Begin your adventure by flying in to T.F Green Airport in Providence, Rhode Island, and drive 92 miles to East Dennis. Public transportation options to Cape Cod are limited, so we suggest renting a car at the airport. Bike rental options along the CCRT are numerous.
We recommend staying at the family-run Sesuit Harbor House in East Dennis. Located mid-Cape, directly across from Sesuit Creek Marsh, the hotel is only 4 miles from the trailhead, which you can either drive to or bike to. The inn is set on 2 acres of beautifully landscaped grounds down the street from the bayside beaches of Dennis and the picturesque Sesuit Harbor. The property contains five buildings, including the main house (built in 1735), and offers a large outdoor swimming pool to enjoy post-ride, classic rooms in the main house, or suites with a kitchen.

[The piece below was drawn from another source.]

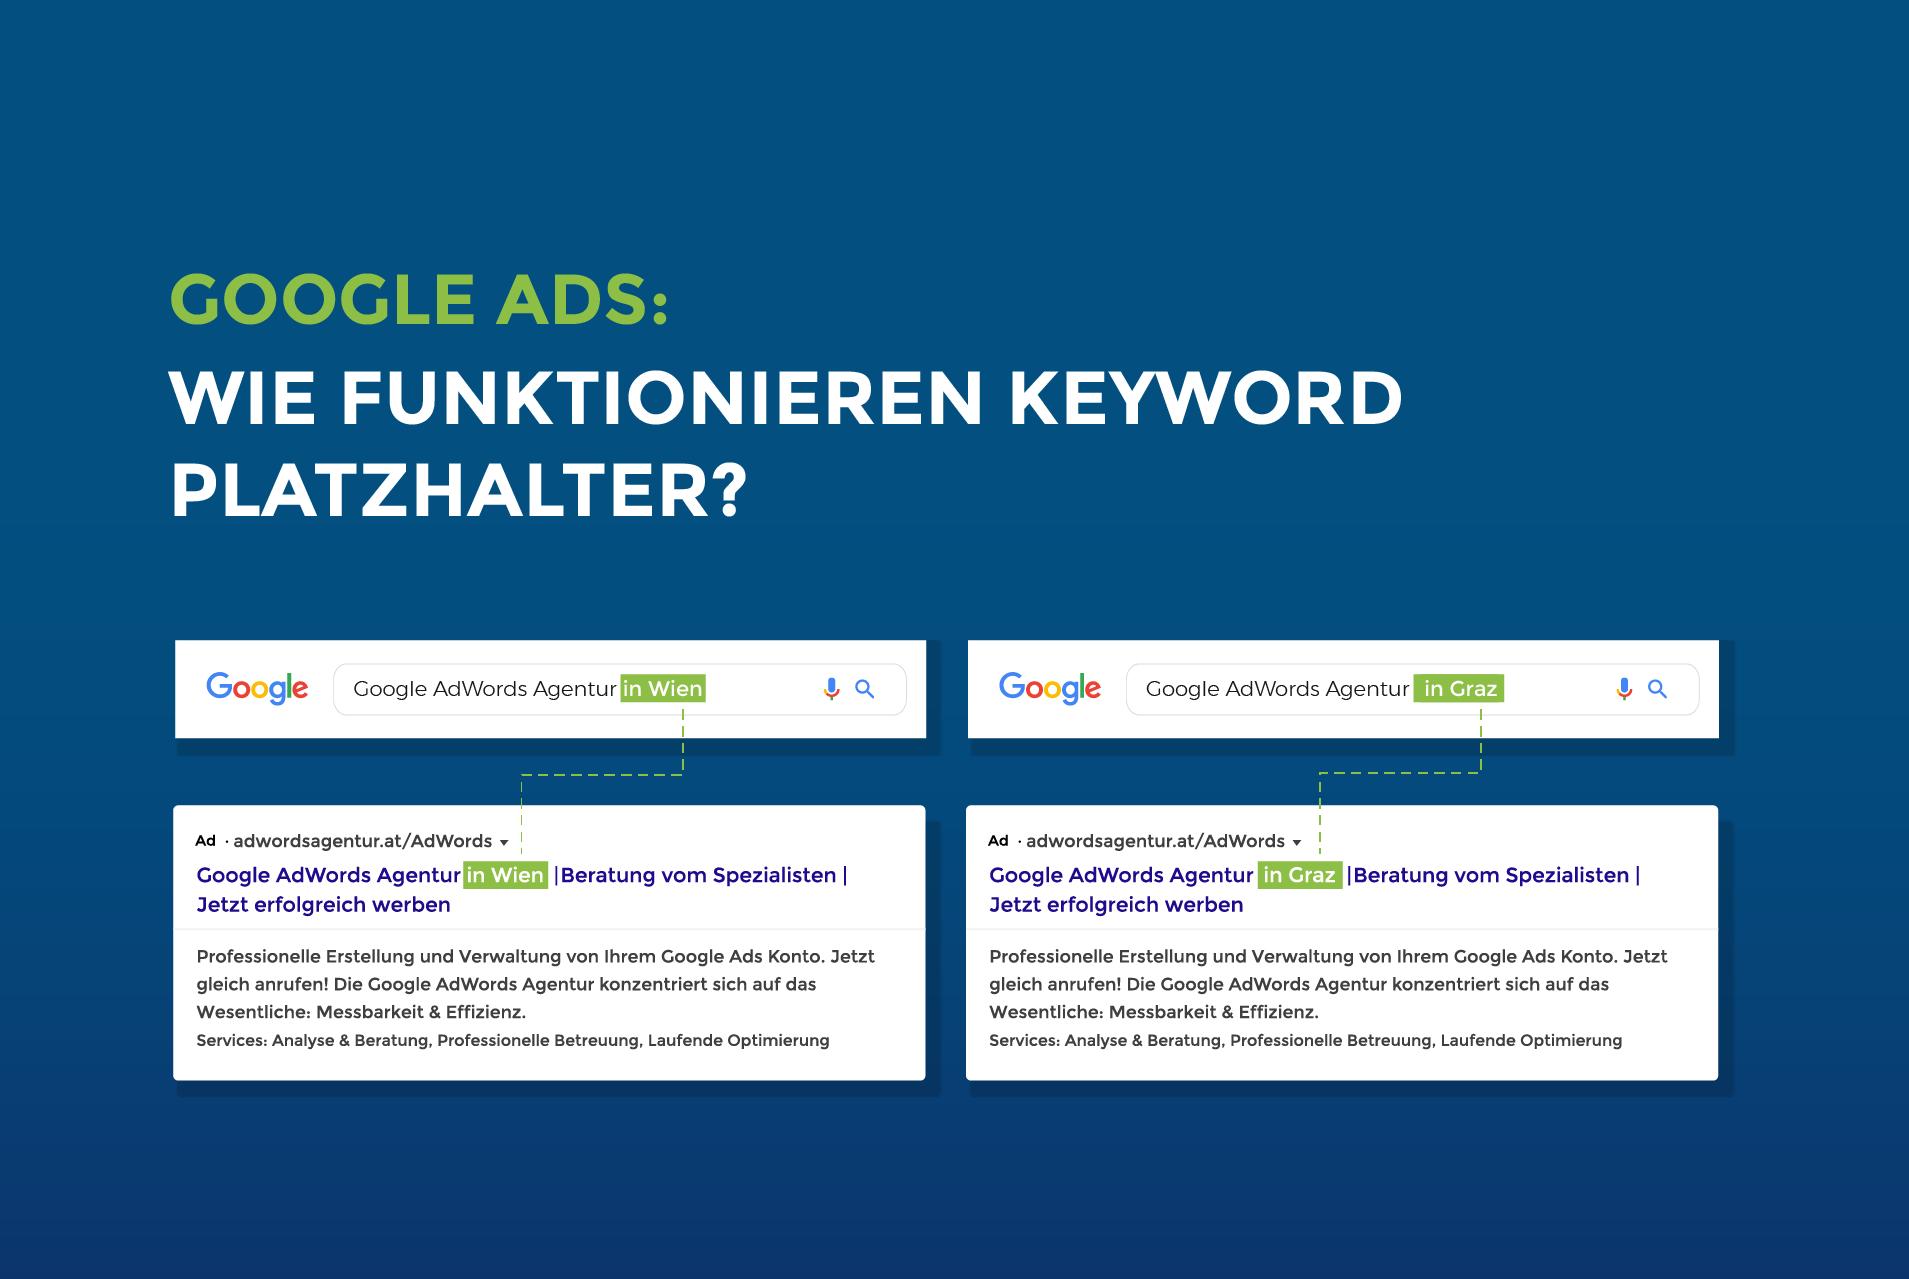 Google Ads: Wie funktionieren Keyword Platzhalter?

If you are renting a bike, we recommend Barbara’s Bikes, conveniently located at the trailhead. If you are biking from the Sesuit Harbor House, take an immediate right on historic Route 6A as you leave the property, then take the first right on East-West Dennis Highway (6A can be busy, but you are on it only briefly before traveling the bulk of the route on a two-lane secondary road.)

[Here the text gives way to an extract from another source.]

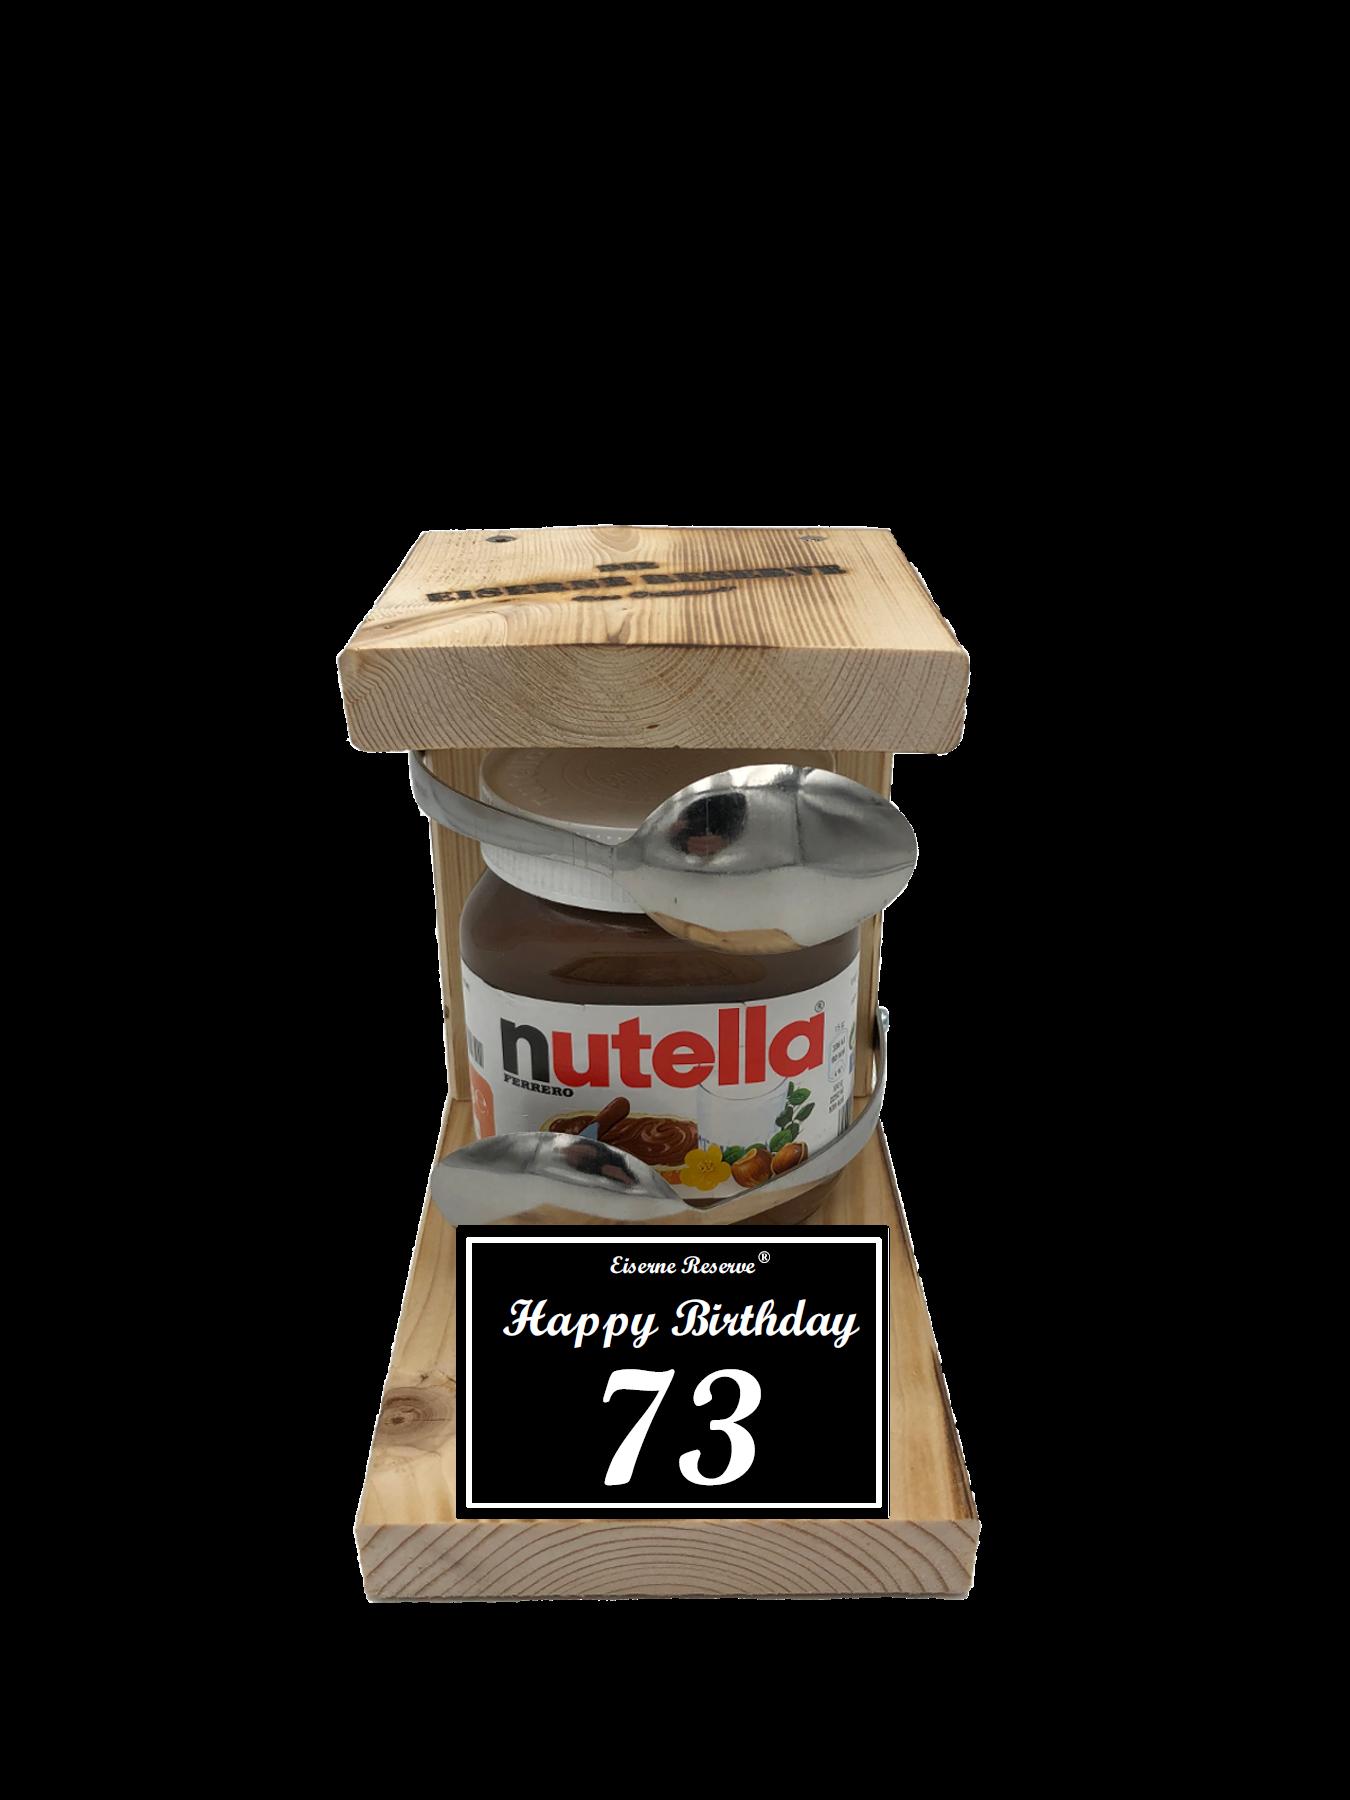 73 Happy Birthday Löffel Nutella Geschenk - Die Nutella Geschenkidee

While there are numerous places to grab a bite during your ride, the CCRT also offers abundant opportunities for lovely picnicking. If you decide to pack a lunch, stop at Ring Bros. Marketplace, located in a shopping complex right before the trailhead (turn by the gas station). Housed under one roof, the marketplace is home to several local businesses, including a bakery, deli, grocery and juice bar. You’ll find an array of options for a gourmet picnic lunch.

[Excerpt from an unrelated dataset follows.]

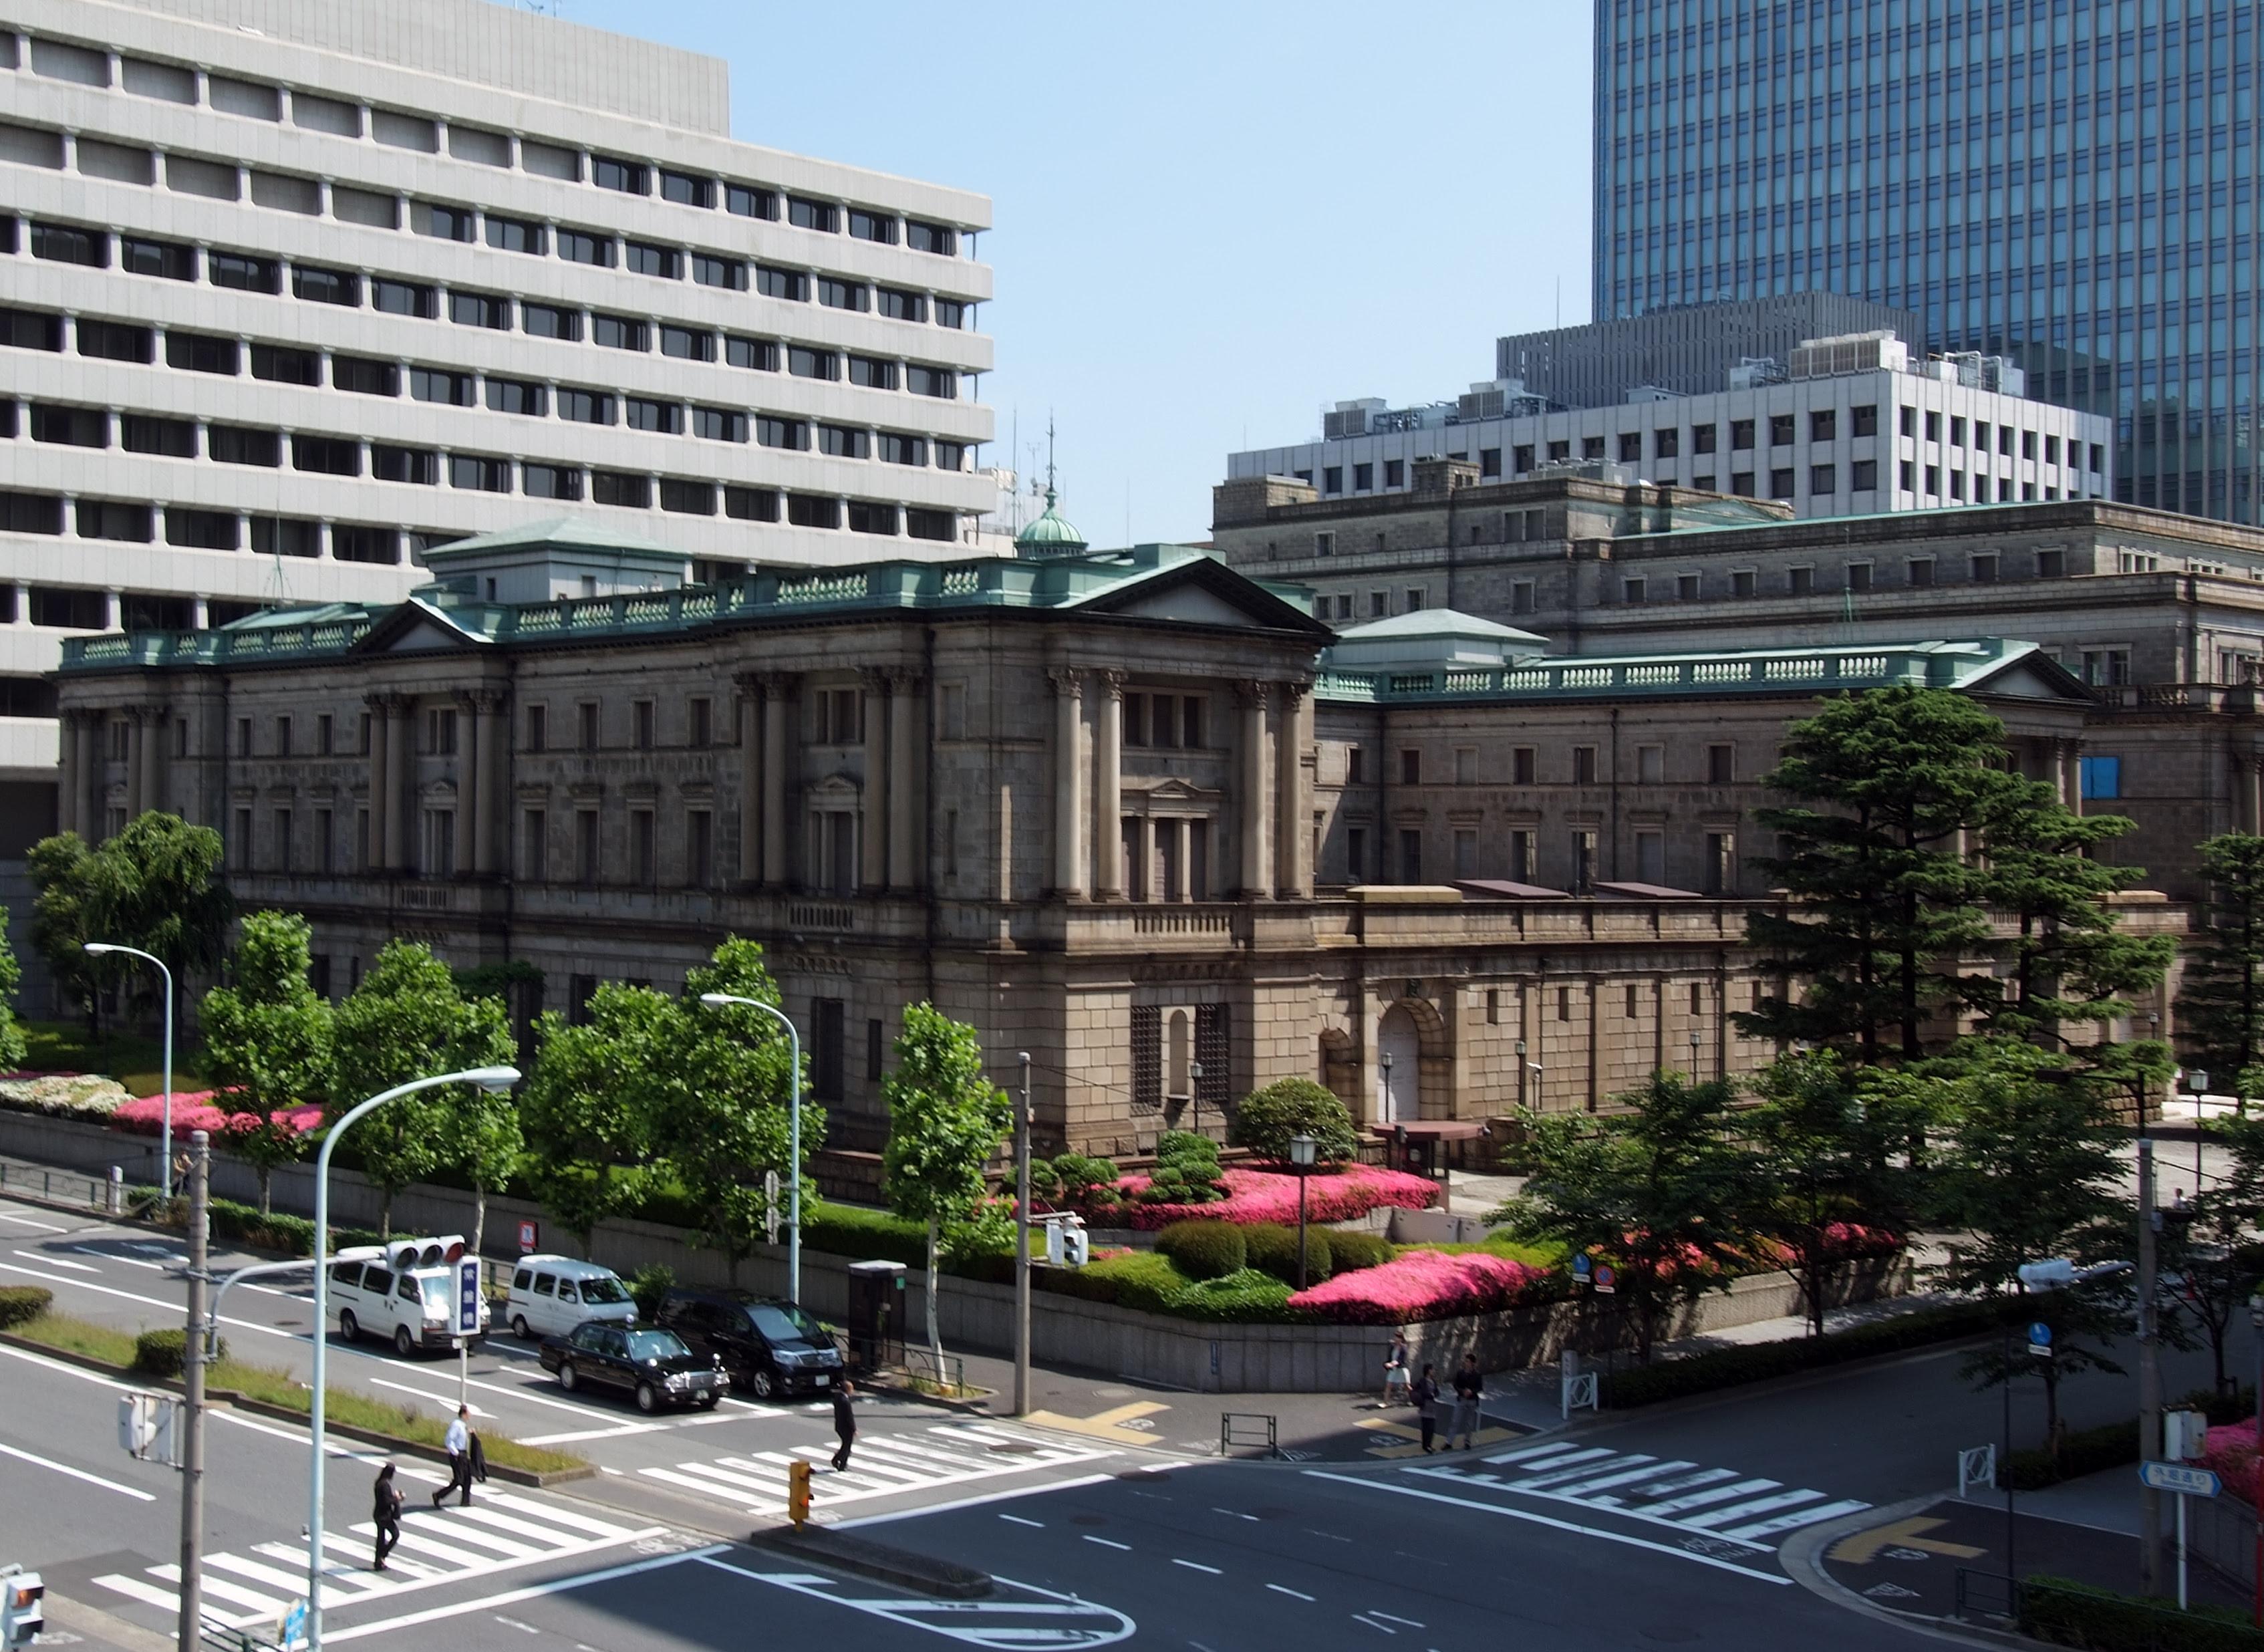 Vista de la sede del Banco de Japón.

The CCRT begins in S. Dennis and ends in S. Wellfleet, and you can ride it out and back in one day (44 miles round trip). This itinerary begins at the western trailhead, since some of the more scenic spots are at the farther end and make for nice resting spots, although you could easily do the trail in reverse. Water and restrooms are available along the route, and food and other refreshments are plentiful at various businesses adjacent to the trail. Parking at the S. Dennis trailhead is limited and tends to fill early. Plan accordingly or consider alternative parking along the route.
The first few miles of the CCRT offer many opportunities to stop for snacks, drinks, or bicycle maintenance, if needed. This section is forested on both sides, offering some degree of shade on hot days. Pay careful attention to road crossings. While most motorists will stop to allow bicyclists to cross, keep in mind that tourists are plenty, which means many are unfamiliar with the roads and may not be paying attention to cyclists attempting to cross.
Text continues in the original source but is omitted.